A Little Investment Goes a Long Way: Modest Cost to Expand Preventive and Routine Health Services to All Low-Income Californians
Press Coverage
- Hello, White House, how about Obamacare for California’s undocumented?
May 4, 2016 - CALmatters
- Should Adults Living In The Country Illegally Qualify For Full Medi-Cal Benefits?
April 14, 2016 - California Healthline
UC Berkeley Center for Labor Research and Education
UCLA Center for Health Policy Research
Summary
The Affordable Care Act (ACA) has expanded health coverage to millions of Californians and has improved coverage for millions more, but between 2.7 and 3.4 million Californians under age 65 are predicted to still remain uninsured by 2019, after the ACA is fully implemented. Of those predicted to remain uninsured, almost half–between 1.4 and 1.5 million–are ineligible for federal coverage options due to their immigration status.1
To close this health access gap, the California legislature is considering a proposal (Senate Bill 1005, the Health for All Act) that would expand Medi-Cal coverage to include primary and preventive care, prescription drugs, mental health care, dental care, and other routine health services for all low-income California residents regardless of immigration status.2 The expansion of health services would build on existing federal and state funds spent on emergency and pregnancy-related care, available under federal policies that have been in place since the 1980s.3 The policy would also shift services from an episodic fee-for-service delivery and payment model to managed care plans.

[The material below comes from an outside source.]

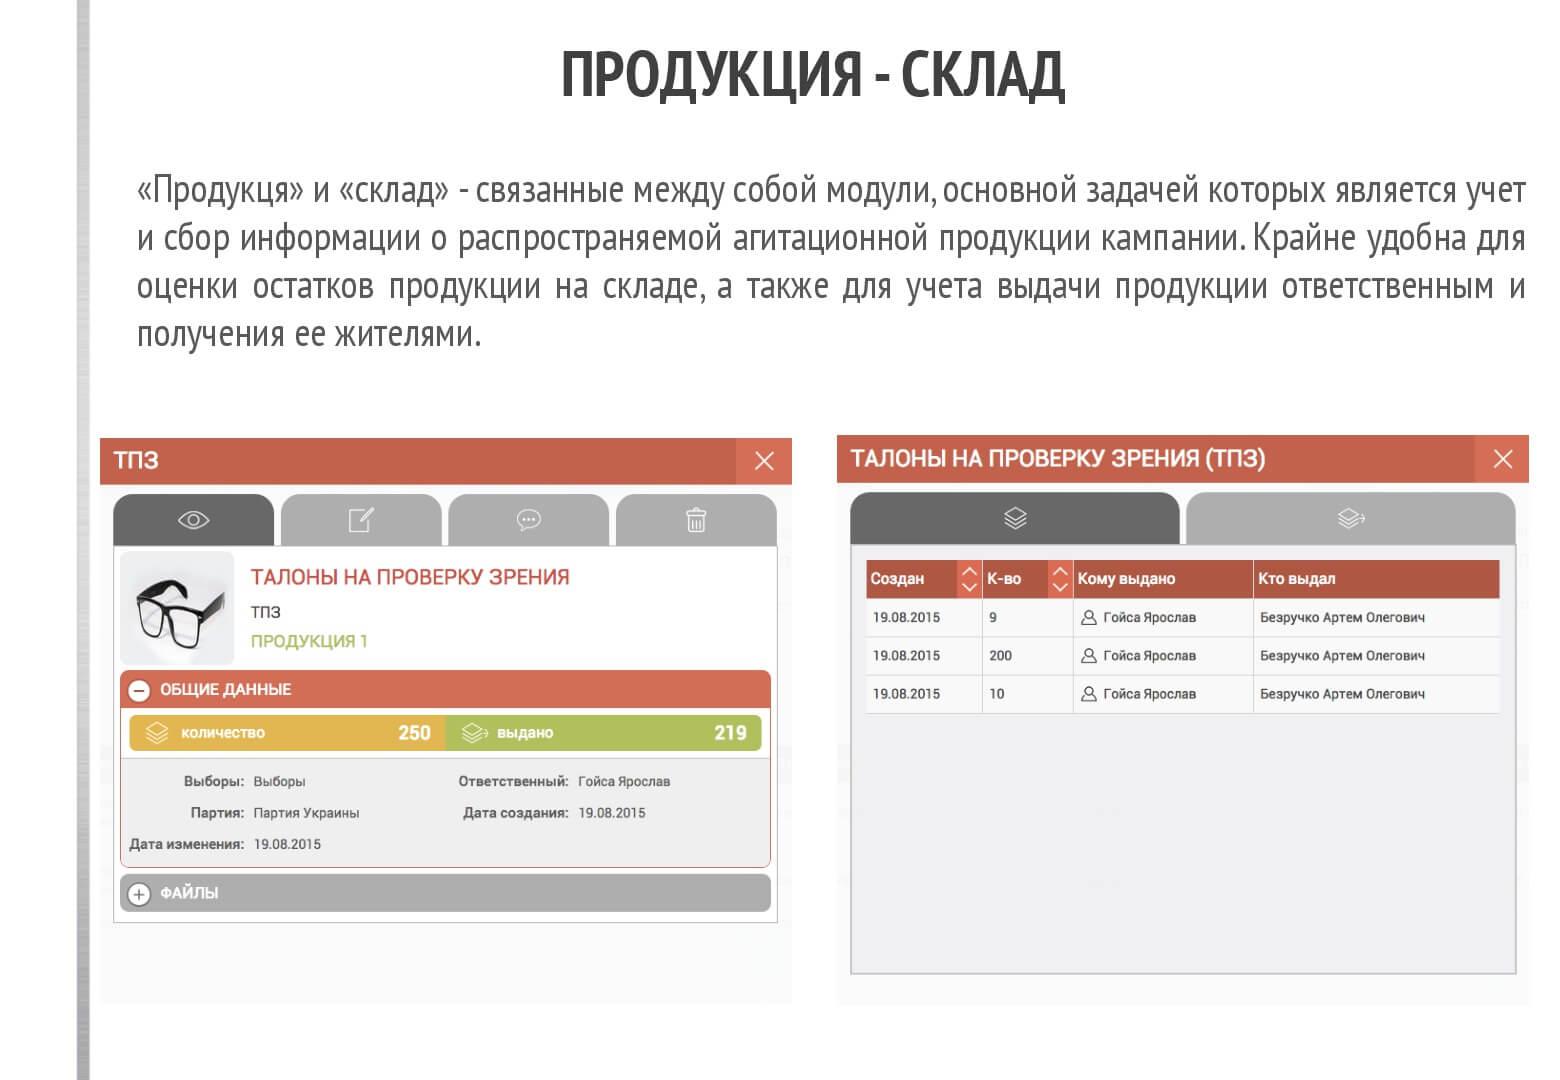 Elect.pro-BG-UA-016

California has recently taken a lead in adopting state policies that expand the rights of undocumented immigrants, who make up 9 percent of the state’s workforce and pay more than $2 billion in state and local taxes annually.4 The proposed policy would continue that advancement.

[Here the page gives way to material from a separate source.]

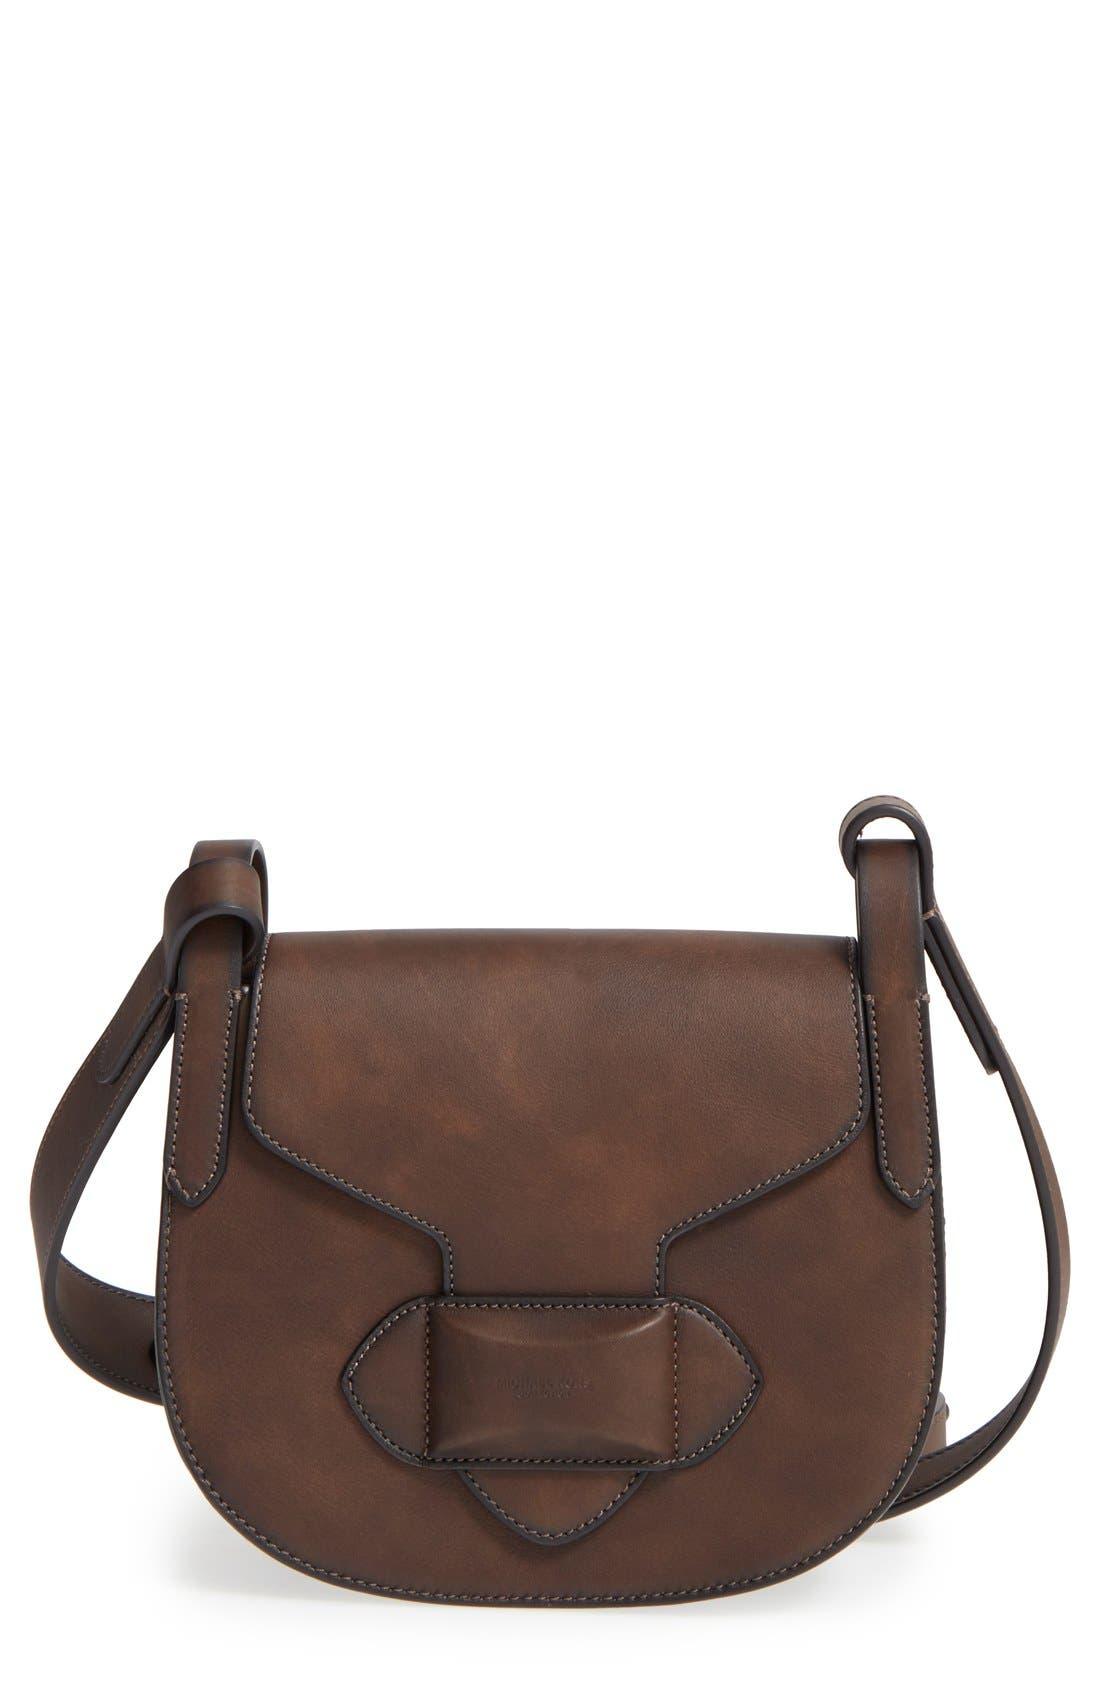 Michael Kors 'Daria' Leather Saddle Bag

This brief finds that the proposed Medi-Cal expansion would involve new state spending, but the cost is modest in comparison to the impact on health and coverage, and the policy also produces savings. Specifically, we find that:
- The net increase in state spending is estimated to be equivalent to 2 percent of state Medi-Cal spending, compared to an enrollment increase of 7 percent in 2015.5
- The new spending would be substantially offset by an increase in state sales tax revenue from managed care organizations, in addition to savings from reduced county spending in providing care to the uninsured.
- The net increase in state spending is estimated at between $353 and $369 million in 2015, growing to between $424 and $436 million in 2019.
- Enrollment in Medi-Cal would increase by between 690,000 and 730,000 individuals in 2015, growing to an increase of between 750,000 and 790,000 in 2019. This enrollment would reduce the number of uninsured Californians by approximately one-quarter in 2019.